Negative predictive values (NPVs) could not be estimated with our internal validation data as medical record confirmation of not receiving an influenza vaccination was not performed. Therefore, we calculated NPVs separately for preterm and full-term infants using the prevalence of influenza vaccination during pregnancy observed in our study and external sensitivity and specificity estimates (7, 30). These estimates were obtained from a 2007 study of 354 elderly patients in the United Kingdom (31): of those vaccinated for influenza by their health care provider in the preceding 12 months, 190/201 (95%) recalled being vaccinated (sensitivity); of those not-vaccinated by their health care provider, 138/153 (90%) recalled not being vaccinated (specificity).
Beta distributions were used to model the probability density functions for the following bias parameters using previously described methods (29): preterm and full-term PPVs, sensitivity, and specificity. The 2.5th and 97.5th percentiles of the beta distributions for the PPVs were derived after calculating the distribution parameters (29).

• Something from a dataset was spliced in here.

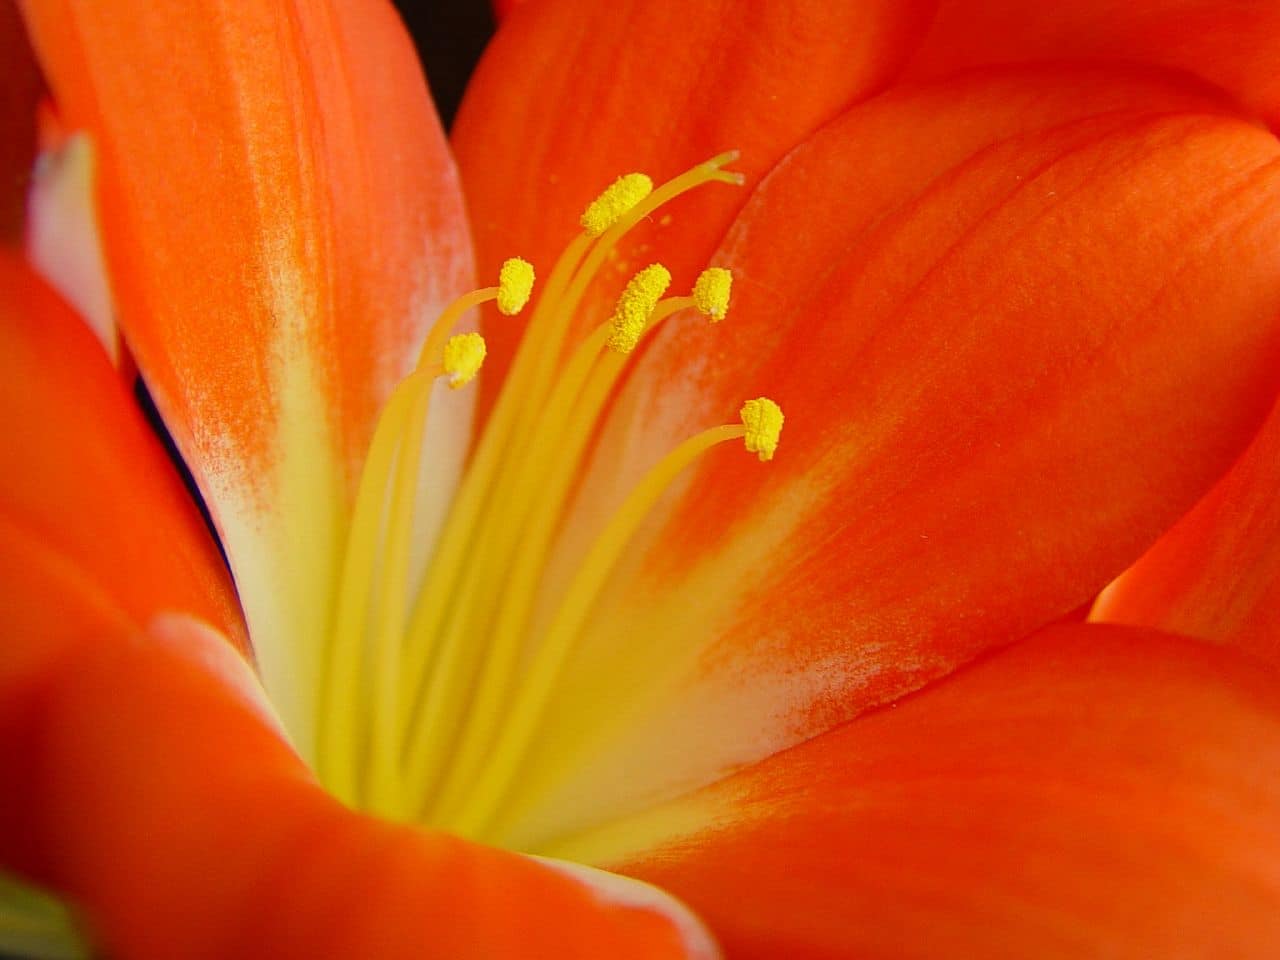 Kaffir Lily. (Clivia miniata).

The observed dataset was simulated 100,000 times, with each simulation selecting values for the bias parameters using Monte Carlo sampling techniques to draw from the assigned density functions (7, 9, 29, 32). NPVs were calculated for each simulation using the selected sensitivity and specificity values and the observed exposure prevalence. Based upon the selected PPVs and NPVs in each simulated dataset, exposure status could change from that reported in the interview for women who only provided self-reported vaccination information; for women with confirmed vaccination dates, their exposure status was left unchanged. Women reporting no vaccination during pregnancy with LMP dates in December, January and February were exempt from exposure assignment in data simulations because the probability of assigning a vaccination date within the span of their pregnancy was lower than that for the other LMP months. Therefore, we assumed that the original unexposed status among these women was correct.
Unadjusted and adjusted hazard ratios (AHR) were modeled with the resulting simulated datasets, and, after incorporation of sampling error (Rothman, Greenland and Lash, Modern Epidemiology III, page 366 equation 19-17) (2), the 2.5th, 50th (median) and 97.5th percentile values of all simulations were reported (29). The mean prevalence of influenza vaccination in the simulated datasets, stratified by preterm birth status, was also calculated.
Cox regression with a time-varying exposure requires each influenza vaccination report be accompanied by a date of receipt. For the records that switched from unexposed to exposed in the data simulations, a date of vaccination was randomly selected based on the distribution of observed vaccination dates and retained if the date fell within the LMP to 37 weeks gestational age window. We anticipated the distribution of influenza vaccination dates would depend on the timing of the pregnancy because of the seasonal availability of the influenza vaccine. In fact, vaccination dates reported by women whose first prenatal visit occurred during the months August to January displayed a different pattern than those among women whose first prenatal visit occurred during the months February to July (for women without information on first prenatal visit [n=35], we assumed it occurred at 7 weeks’ gestation). Therefore, separate beta distributions were fit to these two groups of women using the least squares method (Figure 1) with the probability density covering 365 days from the pregnancy’s most proximal August 1 to the following July 31. Given the sparse data, fit of the beta distributions were determined to be adequate by study authors; however, goodness of fit tests indicated poor fit (p-values < 0.02 using the Kolmogorov-Smirnov test). Additional models further stratified by maternal age (< 30 vs. 30 plus years) and race (white vs. non-white), separately, were considered too sparse for an adequate beta distribution fit. For comparison, we also modeled the vaccination date distribution based on the empirical distribution of vaccinations.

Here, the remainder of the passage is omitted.